By interoperability we mean the cooperation between different systems. In this case, it concerns the cooperation between different blockchains, but also between blockchains and other central systems, such as web servers. Because these systems normally work in a different way from each other, it is often not possible for these systems to work together.
For example, you cannot send Bitcoins over the Ethereum network. Both blockchains use different protocols and standards. It is also not possible to simply store data on a central Google web server via the Ethereum network.
We see that more and more blockchain bridges are being created that can make connections between different systems. Make no mistake, these kinds of protocols that improve interoperability do not fall under layer 0. They are in fact layer 2 and layer 3 solutions. They run on top of the layer 1 blockchain. These types of bridges are therefore dependent on the layer 1 blockchain, while the layer 1 blockchain does not depend on these bridges.
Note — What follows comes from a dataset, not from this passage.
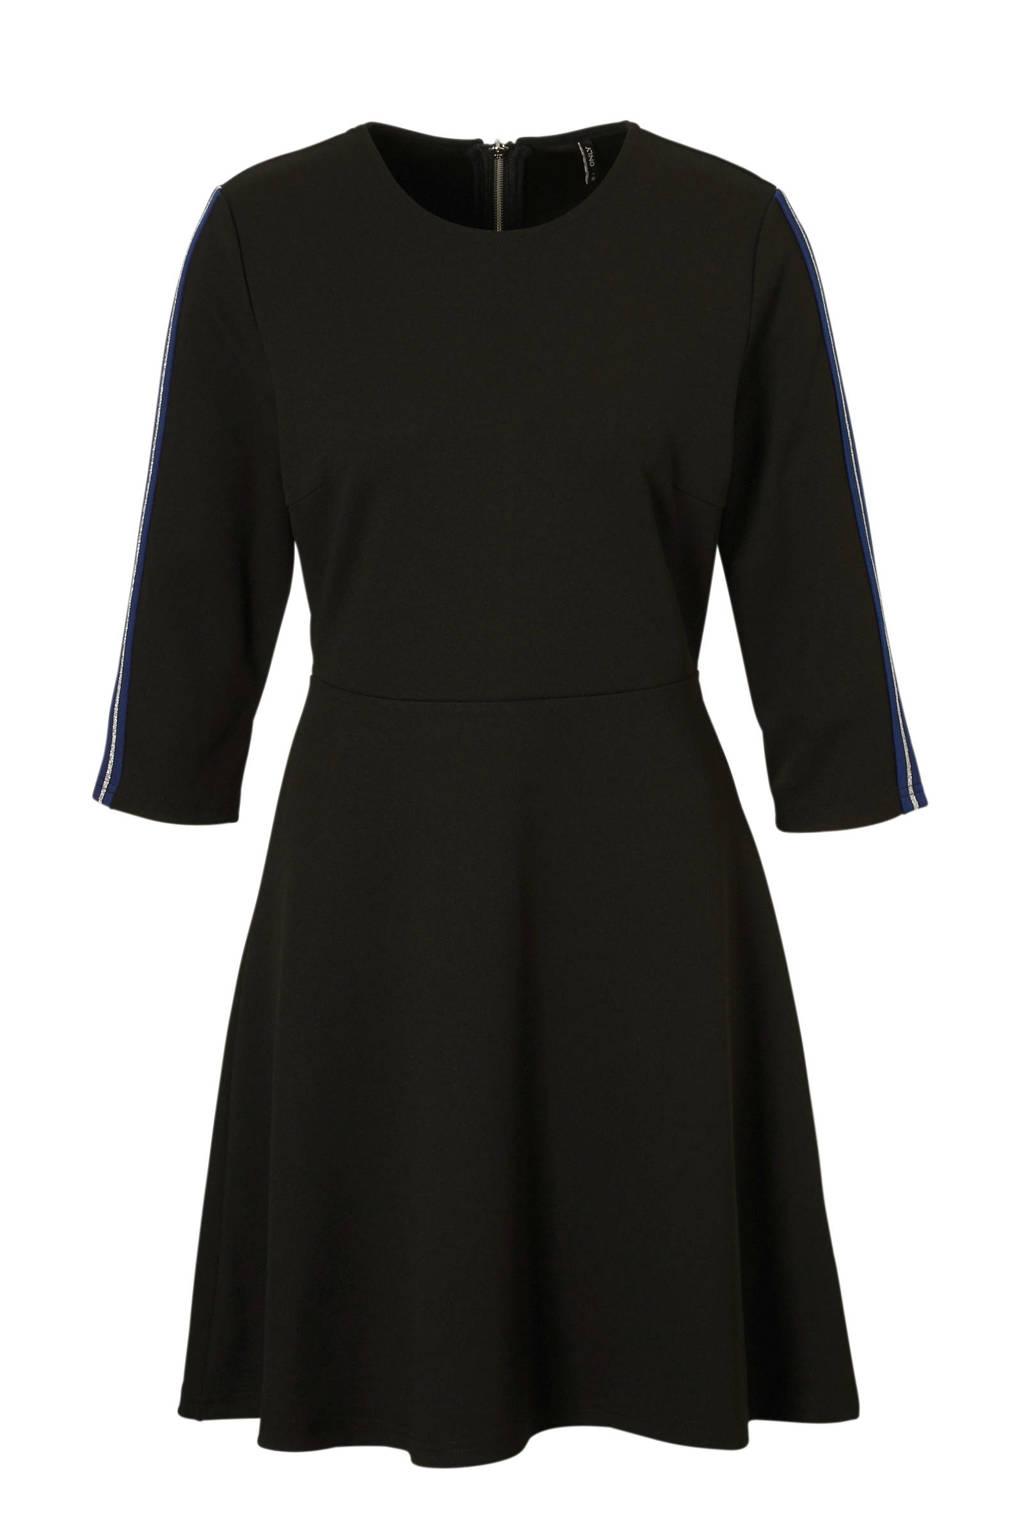 ONLY jurk met streep detail, Zwart/blauw/zilver
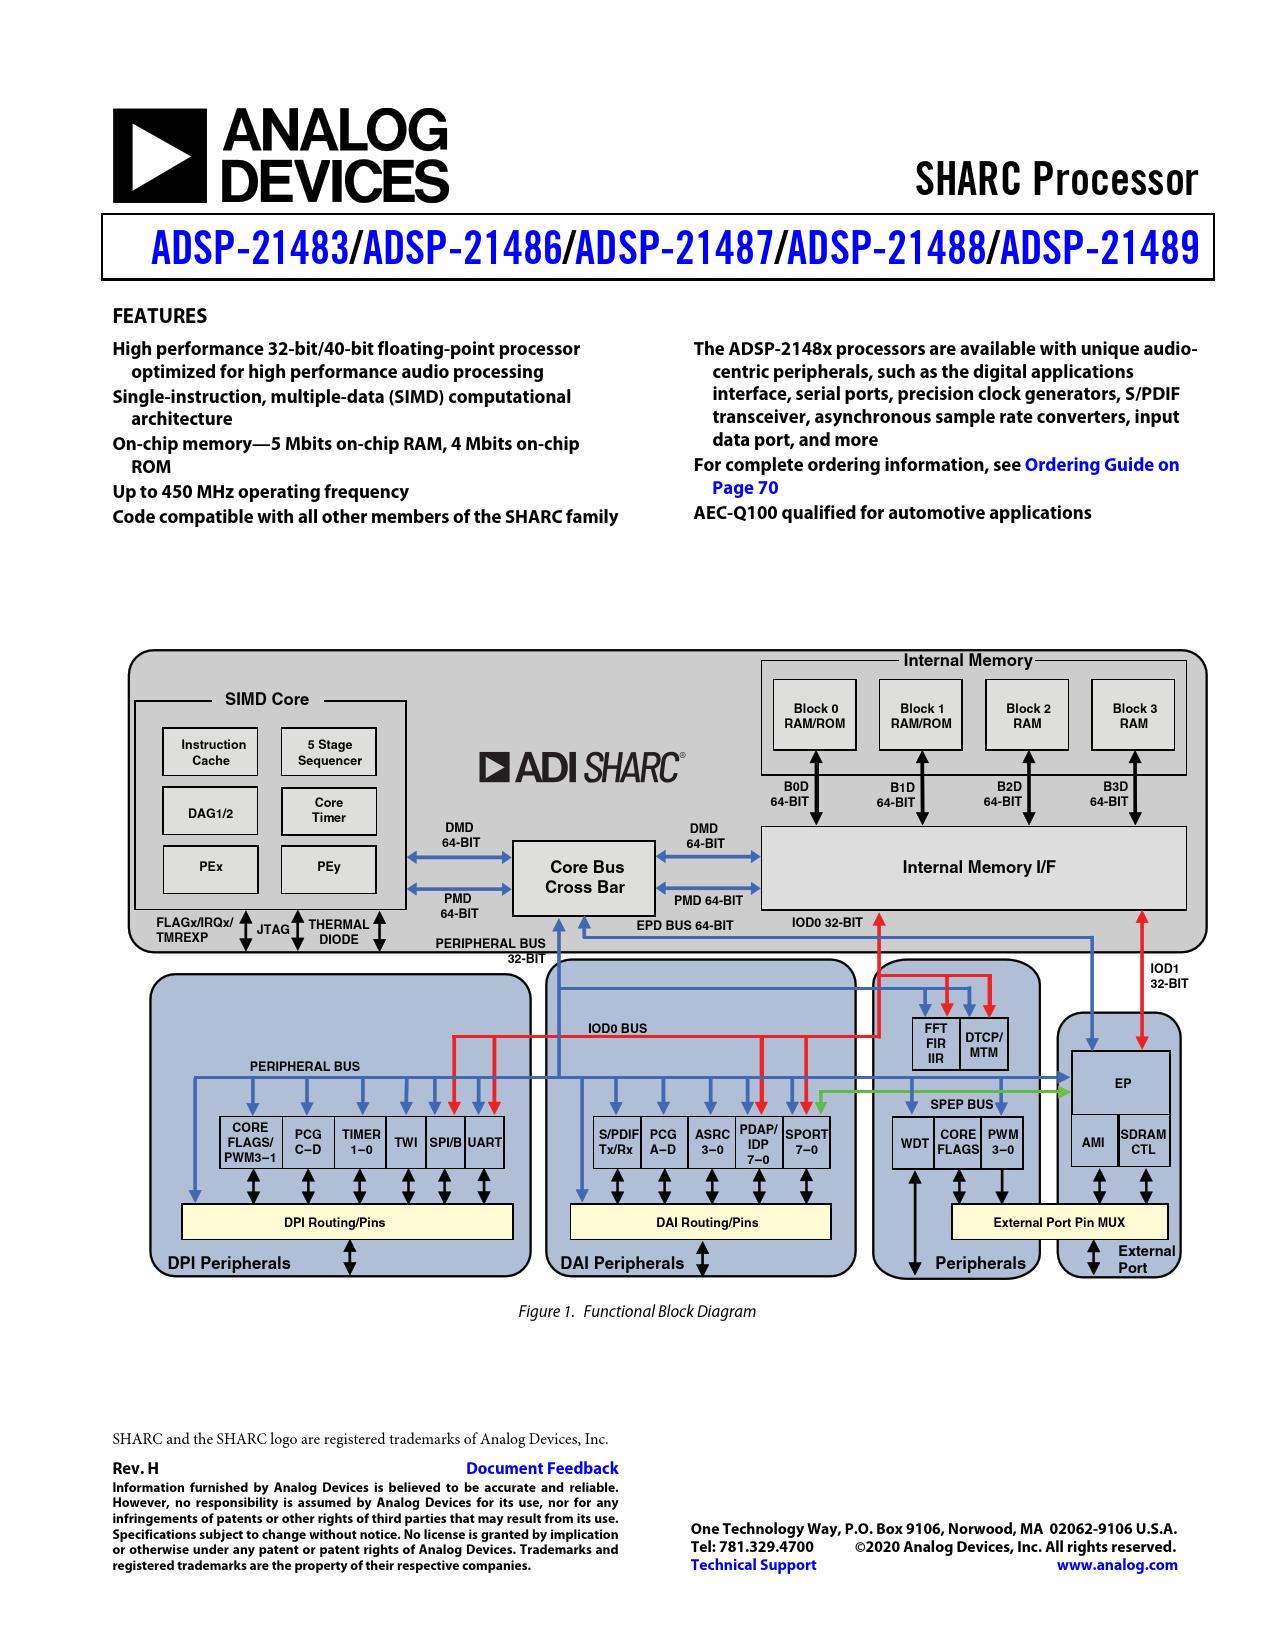 Datasheet ADSP-21483, ADSP-21486, ADSP-21487, ADSP-21488, ADSP-21489 Analog Devices, Версия: H

You could see layer 0 as a communication system. It is a communication system that allows all protocols to communicate with each other, provided they have the same layer 0 solution as a basis.
Difficult to understand? Perhaps the example below will make it clearer.
Think of a village. This village is the blockchain world. Every house in the village is not connected to the internet, making it impossible to communicate between the houses. You could think of these houses as layer 1 blockchains. They all work separately from each other and need no one but themselves. However, the houses cannot communicate with each other, because there is no connection that makes that possible.
Inside the houses are rooms. These rooms are separated from each other by walls and doors. It is possible that all the rooms within the house communicate with each other, as the doors connect the rooms. You can see this as layer 2 applications. These are located within the layer 1 blockchain and cannot communicate with protocols and applications outside the layer 1 blockchain.
Now it is decided to lay cables in the ground to connect the houses. The ground can be seen as layer 0. It provides the connection between several houses, or the layer 1 blockchains.
Layer 0 not only allows layer 1 blockchains to communicate with each other. Because all rooms within the house can now communicate with the rooms in the other houses via the layer 1 blockchain, and then via layer 0. This means that layer 2 apps from blockchain A can communicate with layer 2 apps from blockchain B.
The layer 0 is therefore very important. When this disappears, communication between the different blockchains and all applications belonging to them would stop.
Layer 0 is not the basis of the interoperability between blockchains. They can also make it easier for developers to set up a new blockchain environment through Software Development Kits (SDKs). You could think of this as a development kit that provides the foundation for a new environment.
If a developer wants to set up their own blockchain, the developer has to spend a lot of time, effort and money on the development of the blockchain. This ensures that less time can be spent on the functionality of the project.
Within a layer 0 environment, developers can use the SDK to set up their own blockchain environment. The SDK already contains a foundation for the environment. This makes it much easier for the developer to set up such an environment themselves. Result? The developer has more time for the development of the functionality, and less time is spent on the foundation of the blockchain. Think, for example, of the mainchain, the consensus mechanism, the nodes, etc.
Blockchain technology consists of several layers. We usually talk about layer 1 and layer 2, while there is another layer that is perhaps much more important: layer 0. A layer 0 blockchain takes care of the communication between blockchains. It improves interoperability and ensures that developers can easily, quickly and easily set up new blockchain environments. The advantage is that this allows them to focus much better on the functionality of their application.